Derrière la fronde de certains soignants, nait la crainte que les patients eux-mêmes, pourtant désireux de se faire injecter un vaccin, se méfient à leur tour du sérum d'AstraZeneca. S'il est bien moins cher et beaucoup plus pratique que ceux délivrés par Pfizer et Moderna, le composé de l'entreprise britannico-suédoise affiche aussi un taux d'efficacité moins important que ses deux homologues. Pour terminer, il n'est pas conseillé pour les plus de 65 ans.

"Il faut remettre les choses dans leur contexte", prévient le docteur Davido, "AstraZeneca est 100% efficace face aux formes graves, et c'est ça qui est important". Il poursuit: "70% d'efficacité pour un vaccin de masse, pour un vaccin de santé publique, c'est énorme. Le vaccin de la grippe que vous faires chaque année, c'est 40 à 50%."

"Entre rien faire et faire, il faut être proactif, il faut se faire vacciner" préconise le médecin.

Le dilemme des soignants en première ligne

Reste la question de la stratégie. Et là, notre invité fait part de son incompréhension. "Le choix qui, aujourd'hui s'opère à l'hôpital, n'est pas logique... Il y a quelques semaines on a vacciné des gens de l'administratif, avec le vaccin Pfizer, qui ne soignent pas des gens, aujourd'hui dans les unités Covid et en réanimation, on se retrouve avec un dilemme, avec des jeunes soignants qui se contaminent, qui risquent d'être absents et de poser un problème d'effectifs, alors qu'ils devraient vaccinés avec des vaccins à ARN Messagers (Pfizer-BioNtech, ou Moderna, NDLR)."

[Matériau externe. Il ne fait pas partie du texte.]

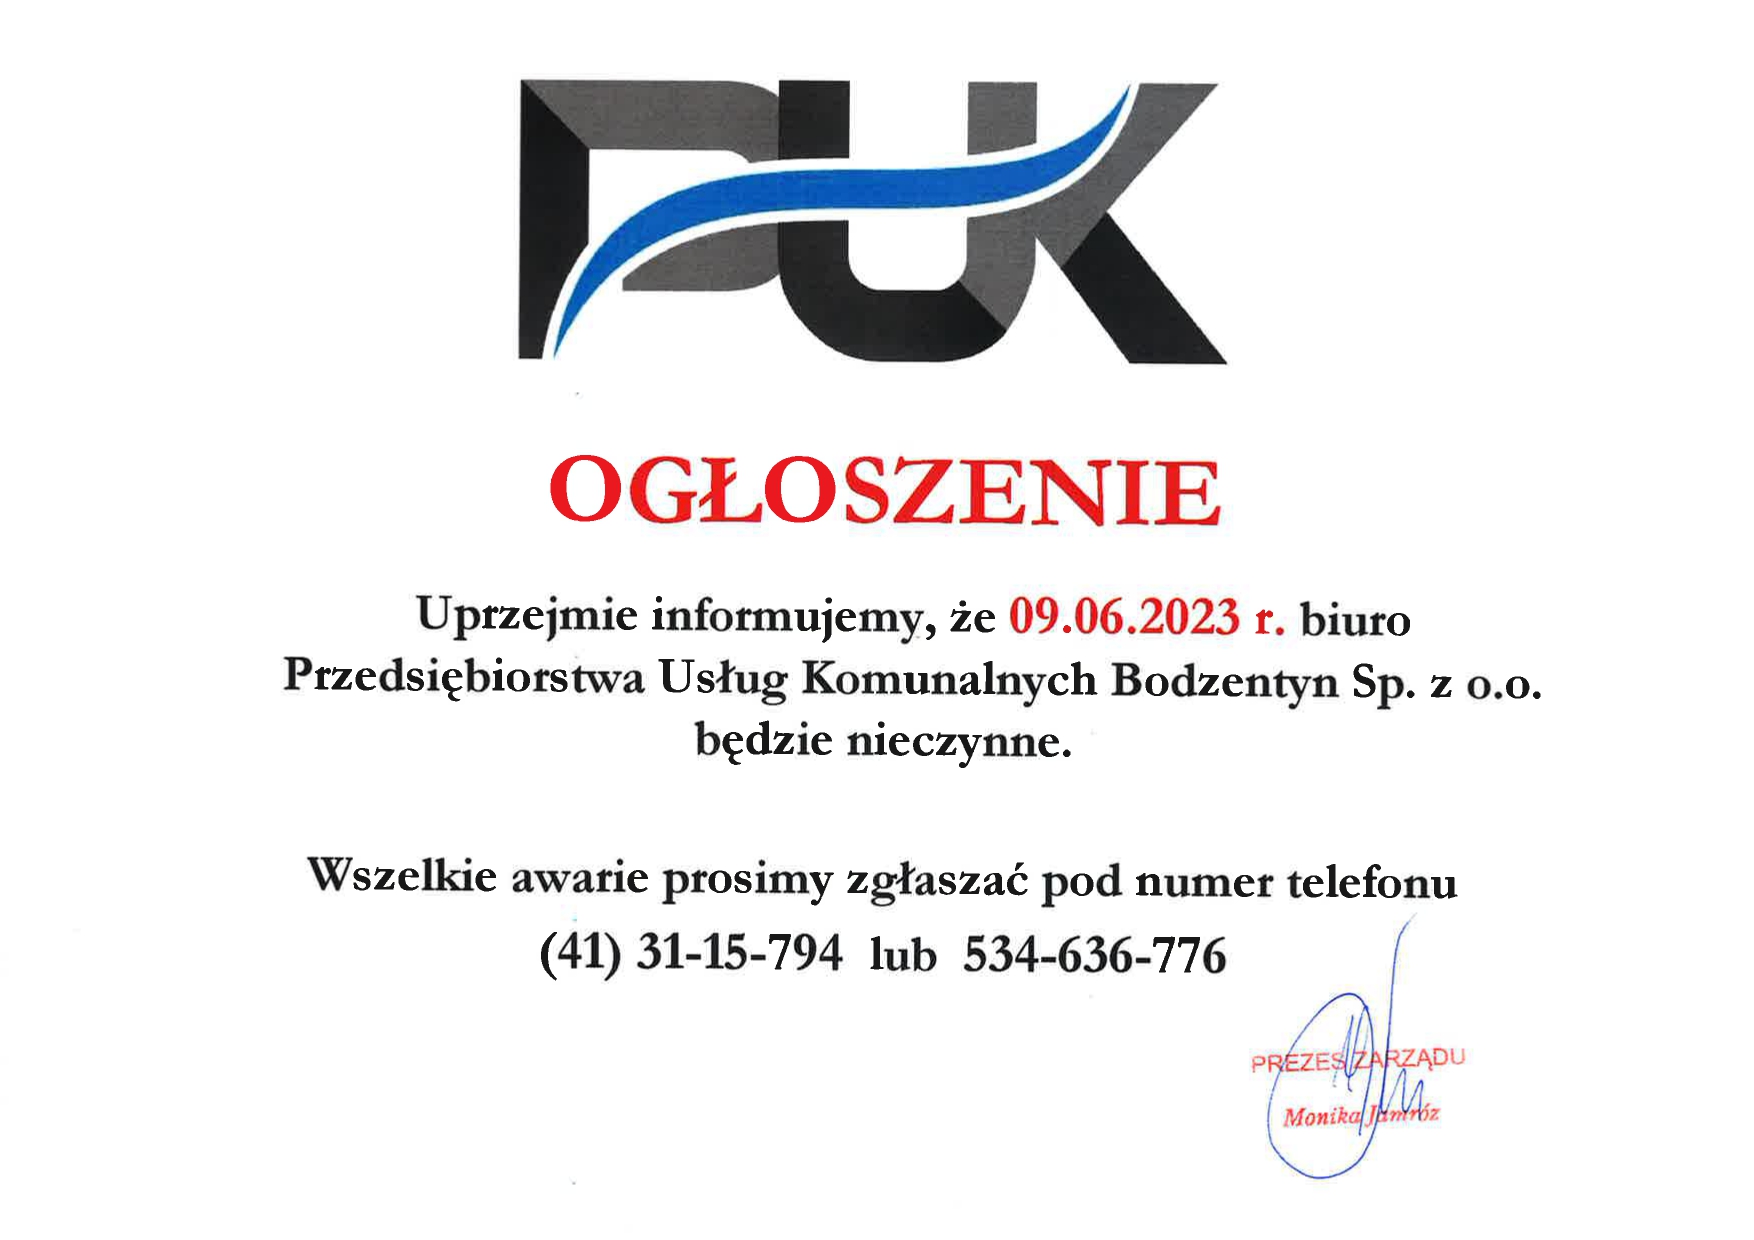 Biuro Przedsiębiorstwa Usług Komunalnych Bodzentyn Sp. z o.o. będzie nieczynne w dniu 09.06.2023 r.

Face à cette situation, l'infectiologue suggère de mettre en place "deux circuits" pour les vaccins: celui des ARN Messager à l'hôpital, et celui d'AstraZeneca à destination de l'ambulatoire et de la ville. "Aujourd'hui la réalité, c'est qu'on a des lots (d'AstraZeneca, NDLR) qui ne sont pas utilisés à l'hôpital", soupire Benjamin Davido, estimant pour conclure que ces précieuses doses "seraient beaucoup plus utiles en ville".